Paragraphs 28 and 28A: the alleged new agreement

  1. To understand the defence raised in paragraphs 28 and 28A, it is necessary to return to the narrative description drawn from admitted facts in the statement of claim and to the allegations constituting the breach of contract claim in the statement of claim.

  2. On 21 March 2011 Samfa gave Tan Partners an authority to pay and distribute the sale surplus in accordance with the spreadsheet, as modified by the Acknowledgment Deed.[31] It is alleged in the statement of claim, and admitted, that Samfa has made repeated demands to each of the new DFO partners calling upon them to give Tan Partners an irrevocable direction and otherwise to execute and deliver all requested documentation to ensure that the priority payment is made to Samfa in accordance with cl 4.1 of the Acknowledgement Deed.[32]  It is not in dispute that the new DFO partners have not given that direction.

    [31]Amended Statement of Claim (filed 21 November 2011), 9 [23]; Defence and Counterclaim (filed 1 December 2011), 10-11 [23]; Exhibit RE-8 to the affidavit of Richard Hedley Earl sworn 28 November 2011.

    [32]Amended Statement of Claim (filed 21 November 2011), 9 [24]; Defence and Counterclaim (filed 1 December 2011), 11 [24].

  1. It is alleged that on about 9 September 2011, claimants demanded payment of their share of monies from the sale surplus.[33]  The allegation is particularised as follows:

    [33]Amended Statement of Claim (filed 21 November 2011), 11 [27].

    Particulars

    A.On or about 2 September 2011, Perpetual Trustee Company Ltd, one of the lender Claimants, served a creditor’s statutory demand for debt on DFOE and DFOH and, at the time of so doing, warned that if all Claimants did not agree to the distribution to it of its share of the Sale Surplus forthwith, it would proceed to wind up DFOE and DFOH.

    B.Following this, a meeting was held on 9 September 2011 at Gadens, Bourke Place, 600 Bourke Street, Melbourne at which Simon Tan attended and the Claimants attended by their representatives, in person or by telephone.  At this meeting all or many Claimants demanded payment of their share of monies from the Sale Surplus.
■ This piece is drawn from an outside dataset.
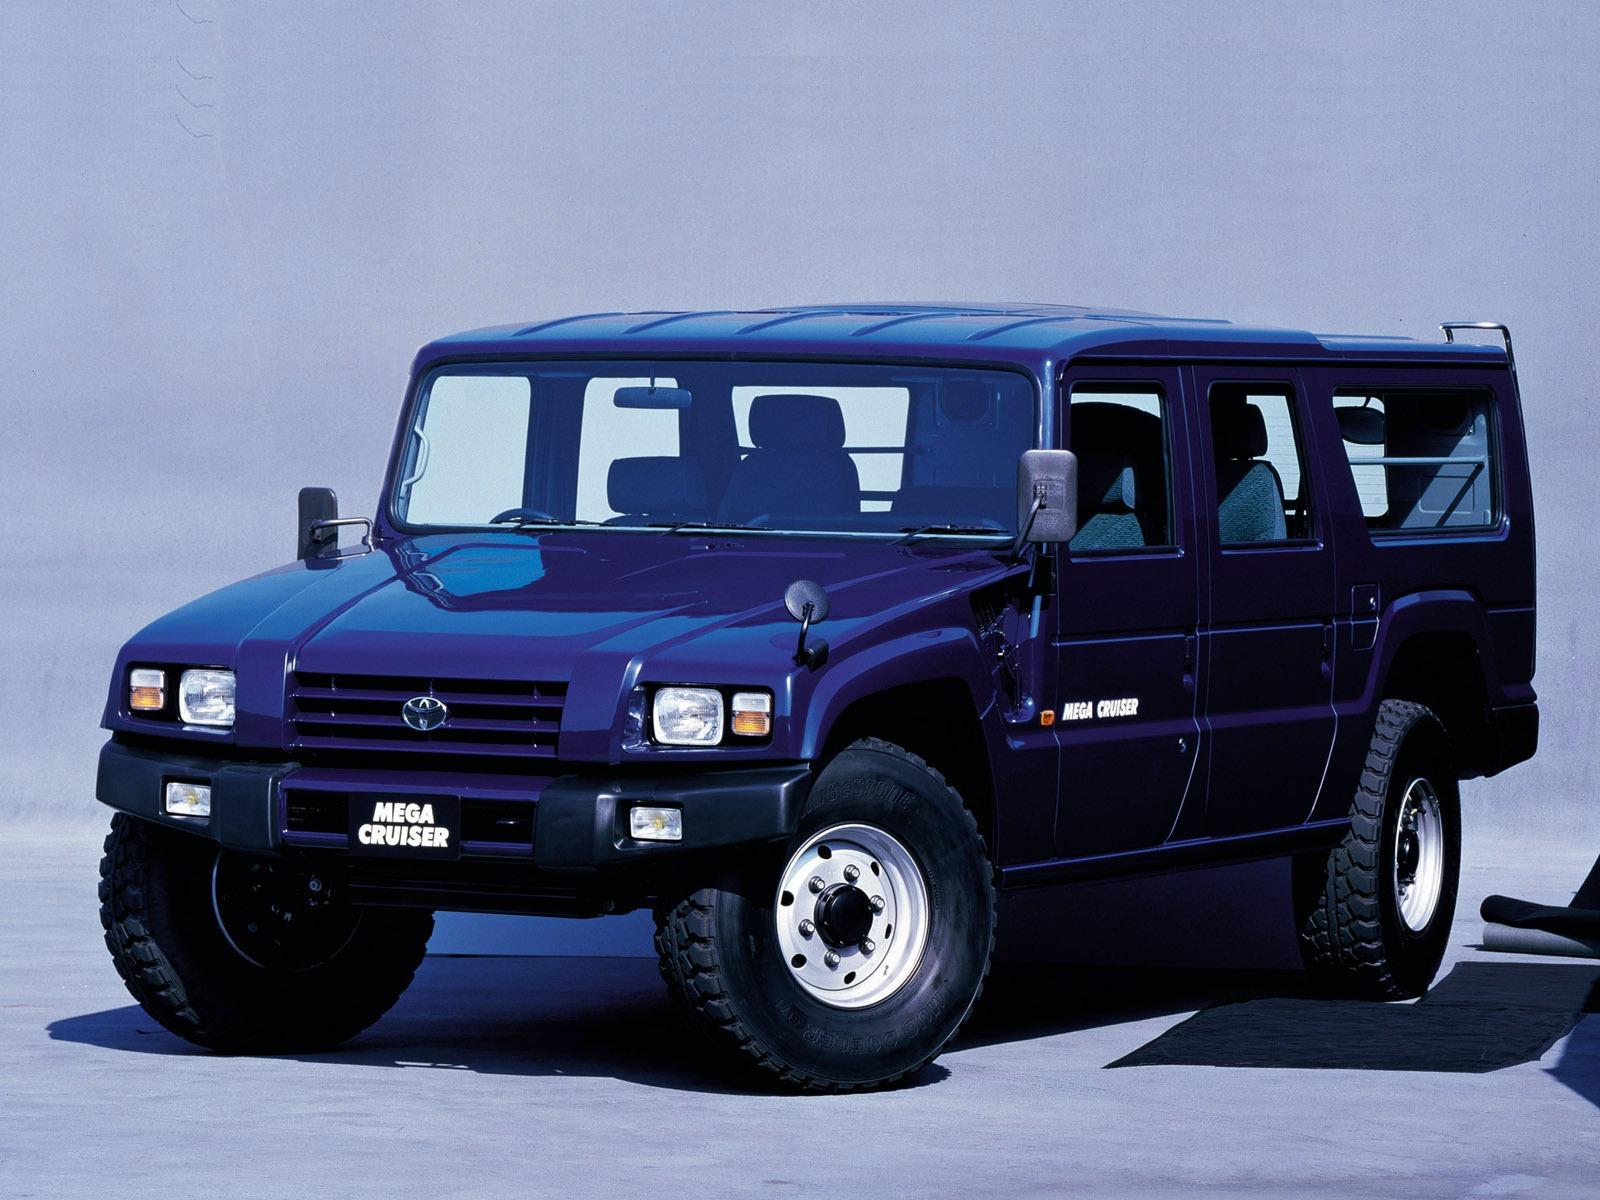 Toyota_Mega_Cruiser_0004

  2. It is then pleaded in paragraph 28 as follows:

    28.To secure payment to the Claimants referred to in the preceding paragraph and [to preserve its rights under the Acknowledgement Deed], on 9 September 2011, Samfa agreed with an arrangement with the new DFO Partners to direct Tan Partners that:

    (a)all Claimants, other than the Original DFO Partners and the New DFO Partners, forthwith receive a distribution of the Sale Surplus in accordance with the Spreadsheet; and

    (b)the funds allocated to the Original DFO Partners and the New DFO Partners in the Spreadsheet continue to be held in trust by Tan Partners pending unanimous agreement by them,

    and such direction was given.

    Particulars

    A.Following the meeting of Claimants on 9 September 2011 referred to in particular B to paragraph 27, at 12.49pm that day Simon Tan emailed representatives of the Claimants proposing (inter alia) that “all claimants, other than the DFO Partners, would receive distributions in accordance with the attached spreadsheet and the funds allocated to the DFO Partners in the spreadsheet will continue to be held in trust pending unanimous agreement by the DFO Partner parties”.
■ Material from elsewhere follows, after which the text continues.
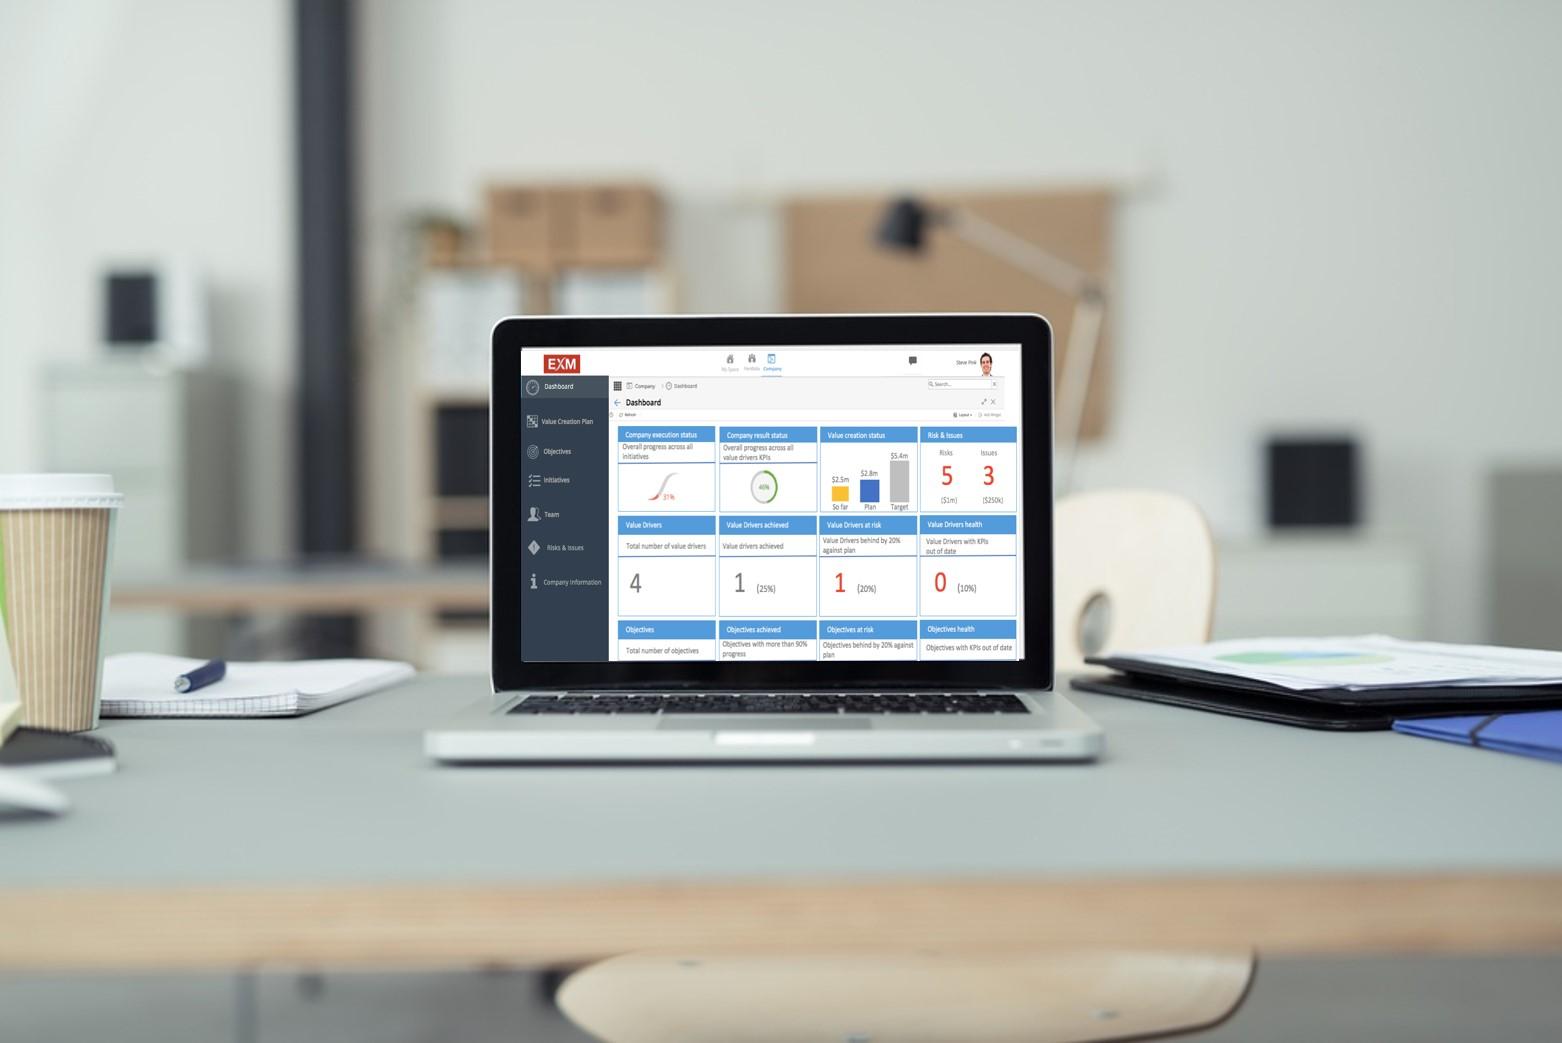 EXM cloud on a laptop

    B.The Original DFO Partners agreed to the proposal by Simon  Tan referred to in particular A by:

    (a)emails from L Zwier on behalf of Border at 4:55pm and 7:22pm on 9 September 2011;

    (b)an email from M Elliot on behalf of Hilane at 5:14pm on 9 September 2011;

    (c)an email from M Braithwait on behalf of Samfa at 6:37pm on 9 September 2011.
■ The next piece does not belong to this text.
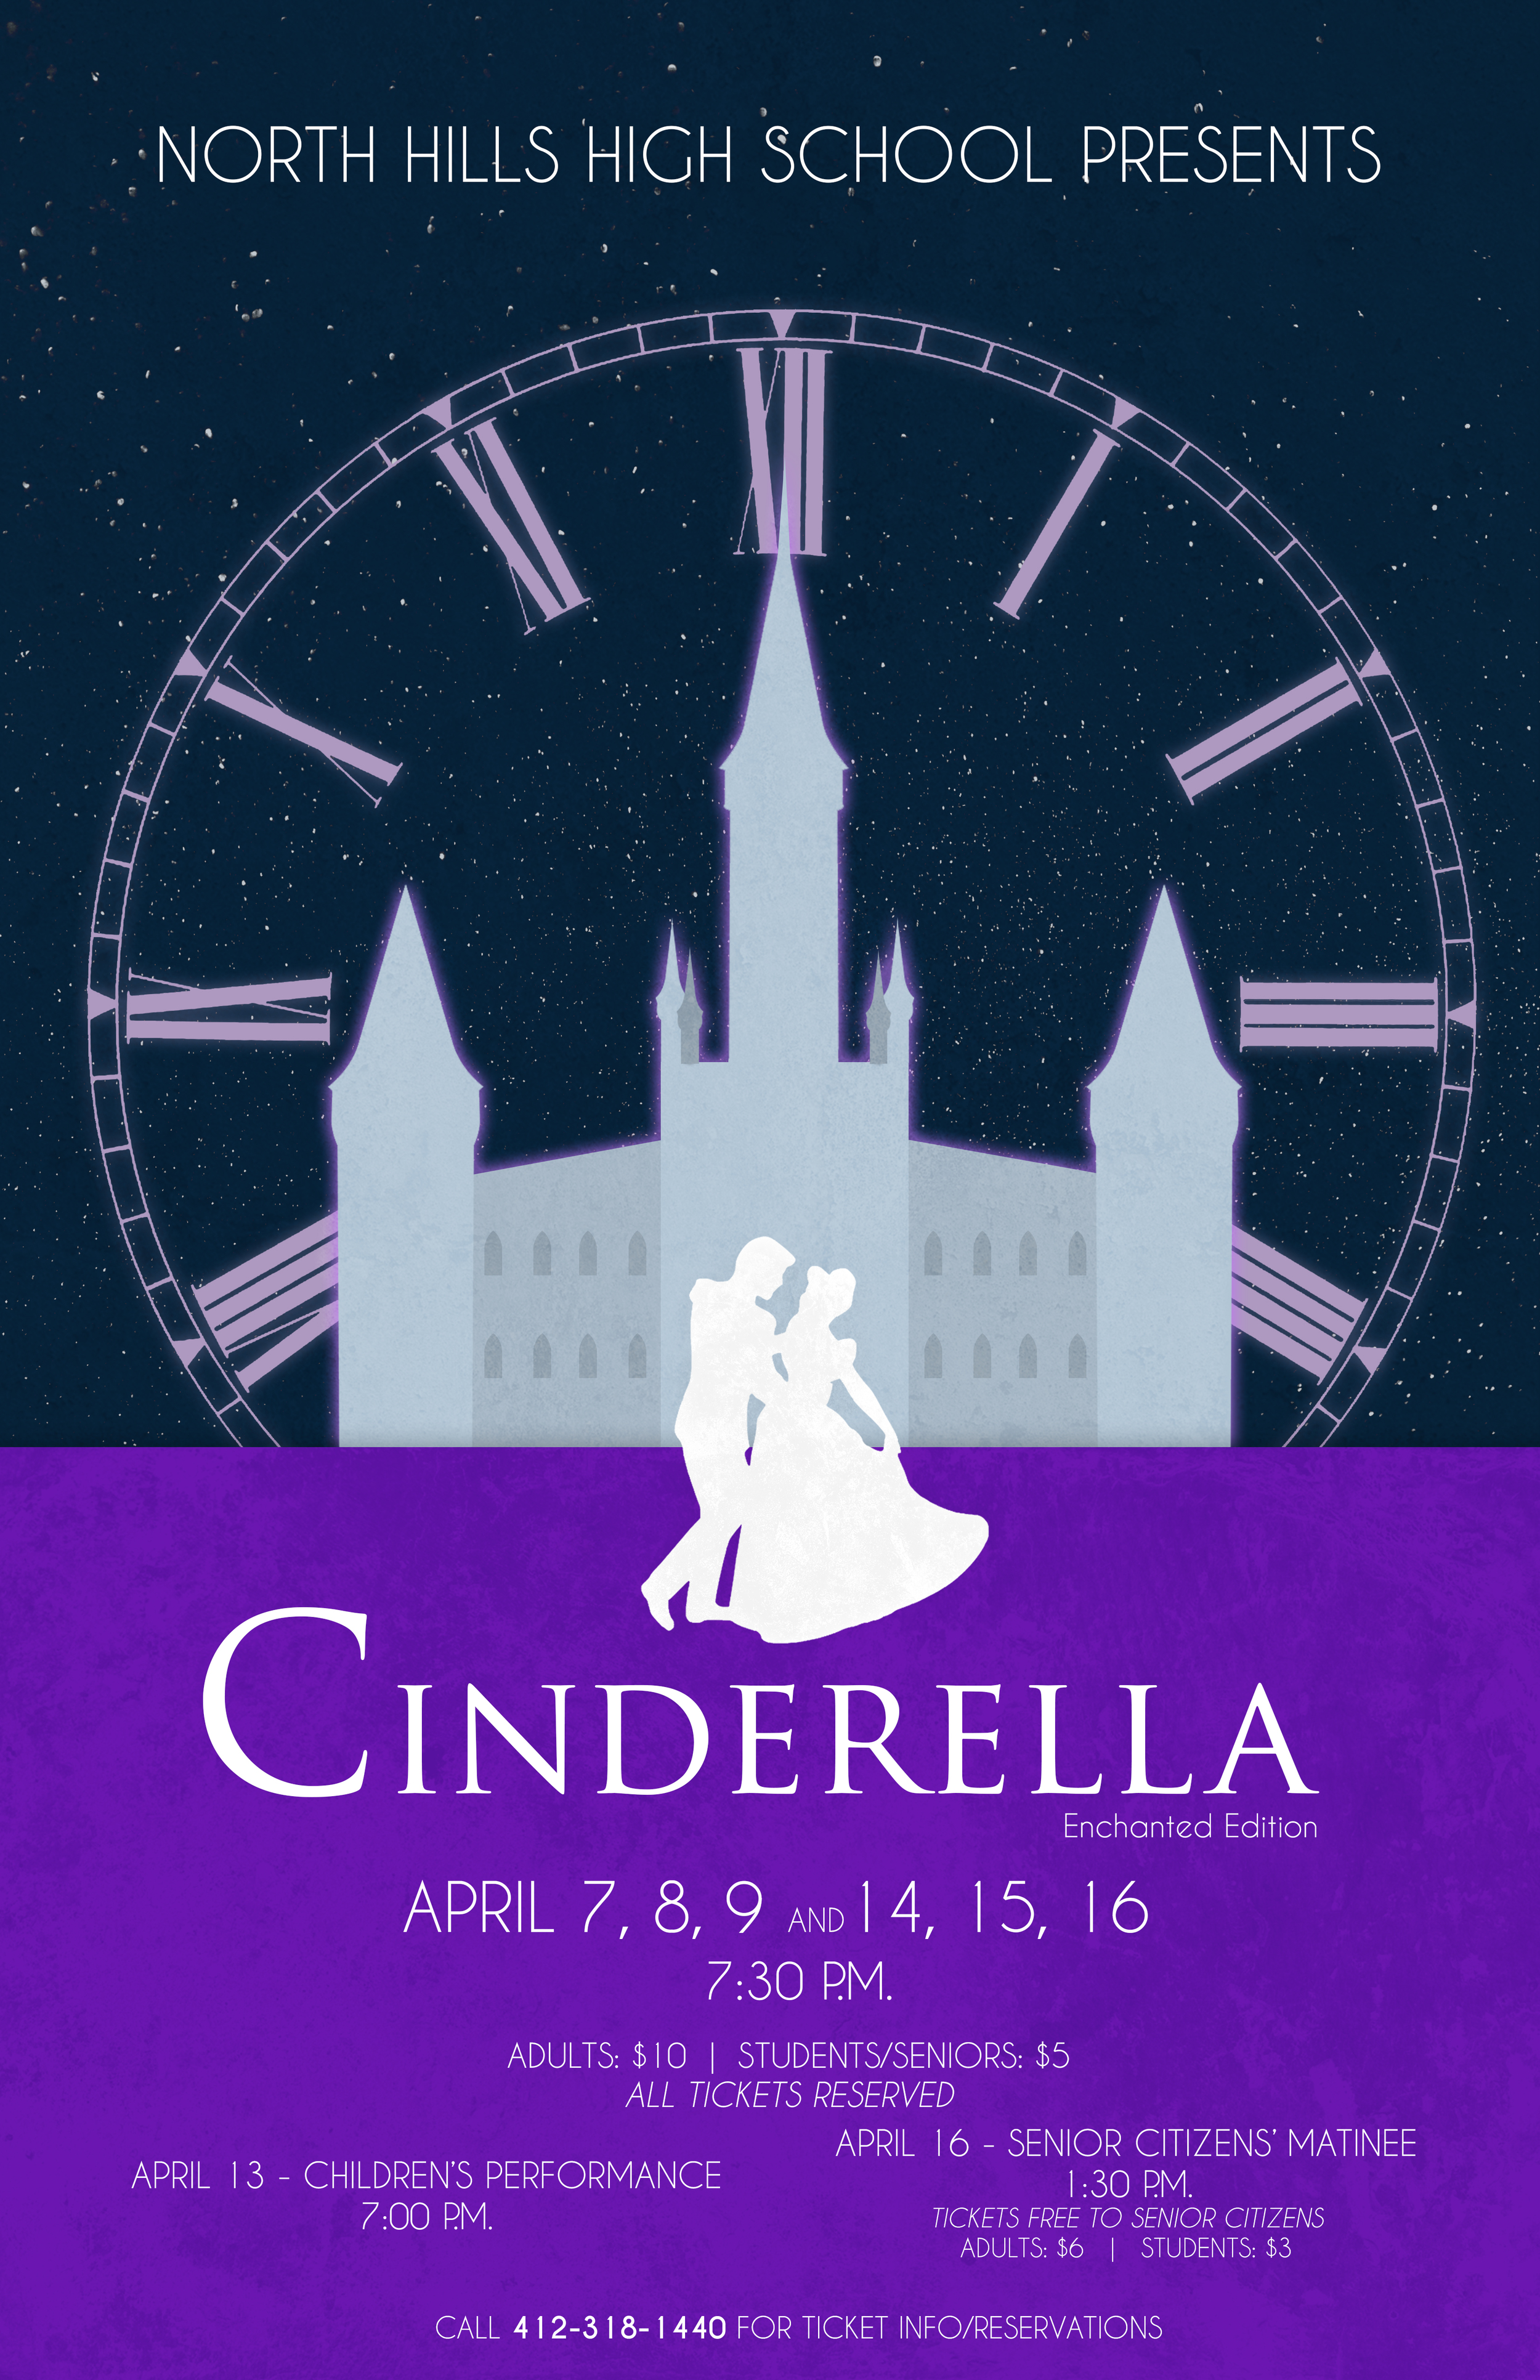 CinderellaPoster11x17.jpg

    A copy of these emails is available for inspection at the offices  of the solicitors for Samfa.[34]

    [34]Amended Statement of Claim (filed 21 November 2011), 11 [28].

  3. In their defence, the defendants say:

    28.They admit that on 9 September 2011, the plaintiff agreed with the New DFO Partners to direct Tan Partners that:

    (a)all Claimants, other than the Original DFO Partners and the New DFO Partners, forthwith receive a distribution of the Sale Surplus in accordance with the Spreadsheet; and

    (b)the funds allocated to the Original DFO Partners and the New DFO Partners in the Spreadsheet continue to be held in trust by Tan Partners pending unanimous agreement by them,

    (“the 9 September 2011 agreement”)

    and such direction was given, but say that the 9 September 2011 agreement was not entered into to preserve rights under the Acknowledgement Deed, but instead superseded and replaced the Acknowledgement Deed.

    Particulars

    The particulars of the 9 September 2011 agreement are contained in the documents which are particulars under paragraph 28 of the Amended Statement of Claim dated 4 November 2011.[35]

    [35]Defence and Counterclaim (filed 1 December 2011), 11 [28].

  4. The documents referred to in the particulars under paragraph 28 include an email from Samfa’s solicitors  in which the following is stated:

    To facilitate the distribution of the Surplus to the claimants (other than to the DFO partners), Samfa gives its consent to a distribution of the Surplus in accordance with the proposal below that “all claimants, other than the DFO Partners, would receive distributions in accordance with the attached spreadsheet and the funds allocated to the DFO partners in the spreadsheet will continue to be held in trust pending unanimous agreement by the DFO partner parties.”[36]

    [36]Exhibit RE-11 to the affidavit of Richard Hedley Earl sworn 28 November 2011.

  5. It is then pleaded in paragraph 28A of the defence that there has been no unanimous agreement between the original DFO partners and the new DFO partners as is required by the 9 September 2011 agreement and therefore that Samfa has no claim for any amount of those funds. 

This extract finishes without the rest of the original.